I would put this near the top of my list, too! I have been systematically sorting through my freight roster and weeding out some of my old "friends" — rolling stock that has been with me for over thirty years, so some of the Athearn BBs with the clips are being retired. Worse yet are some of the Atlas cars with the two-piece plastic couplers (I don't know the brand of these**, I don't mean the EZ mate or McHenrys) and the box cover is glued on so as NEVER to come free without destroying the draft gear! A few of the Proto and Accurail cars have glued boxes, too but seem to pry open and can be re-glued if necessary.

** edit: I looked them up, Accumate

Another thing that bugs me are, well — BUGS. I don't know how many of you have basement layouts, and my basement is nice and dry, well lighted, has a frame wall with drywall and insulation, carpet, ceiling and spiders! Every time I have to get under the layout, or even in an aisle, I'm fighting off cobb webs. I've used all sorts of sprays, vacuumed, dusted and broomed and still... they're everywhere. I even have little tan spots on my cars from some sort of insect "droppings".

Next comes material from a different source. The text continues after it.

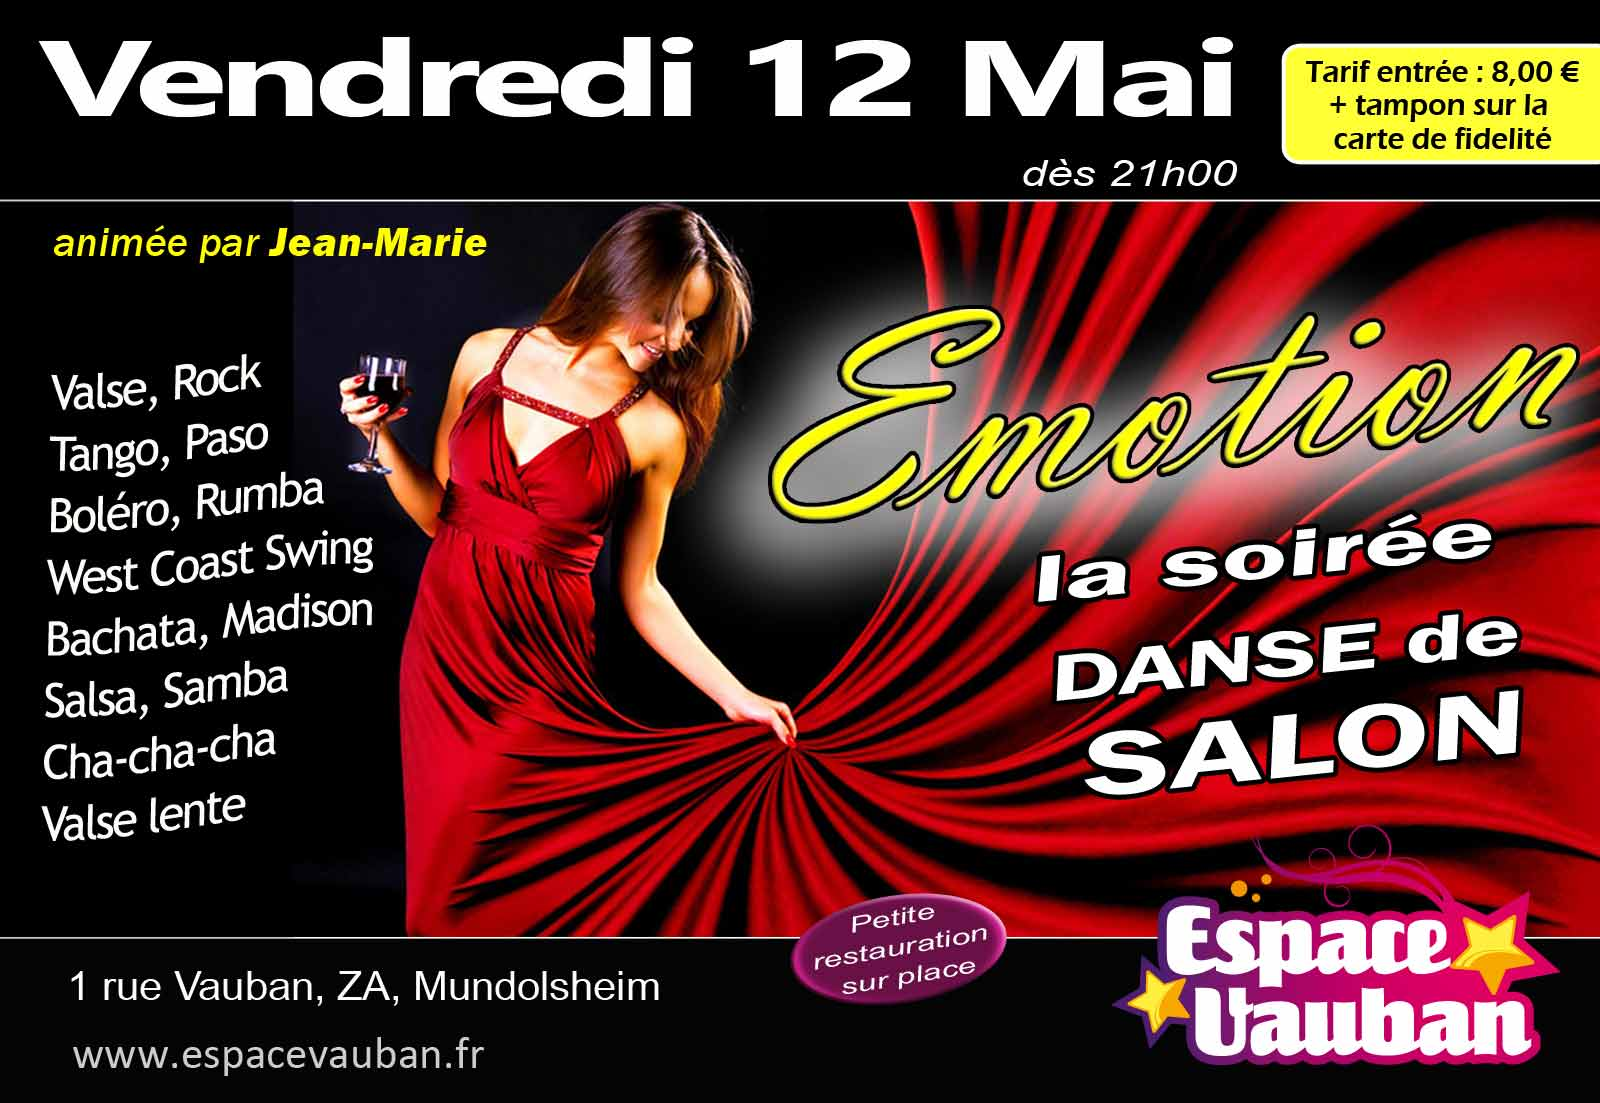 Emotion danse de salon avec jean marie espace vauban for Jean marie salon

Not quite as bad as Mark H with a black widow derailing a train, although I chased a mouse out of a tunnel once with a fast US Mail train!) AND like Mark mentioned, the gremlins that show up only when you have visitors. Happens to me all the time!

Like Guy, I also find parts along the right-of-way and I wonder where they come from. I found a couple of Accurail pegs... and still haven't found the cars they fell out of! I have a huge can of various screws that I've salvaged from old computers and lots of other electronic gear that I find screws that I can use in place of those poor fitting pins.

Some other manufacturer has a sort of "brake beam" made out of "slippery engineering plastic" that I keep finding along the r-of-w. It looks like a shiny black TV antenna. Fortunately they haven't caused any derailments that I know of... at least until I have visitors again!

For any Digitrax users, I sure wish they could design the throttle so you could keep the rechargeable battery in place and just put the throttle in a charging cradle... like my cheap cordless phone has. Sure, it only takes f few moments to put batteries in, or out, or back in again... I use four throttles when I'm operating. It gets old real fast!

Still, the pleasures of this hobby outnumber the hassles by 100:1 (I do have my beer, and a bathroom near the layout Beer Big Smile Thumbs Up) so I have learned to deal with the inevitable oops moments!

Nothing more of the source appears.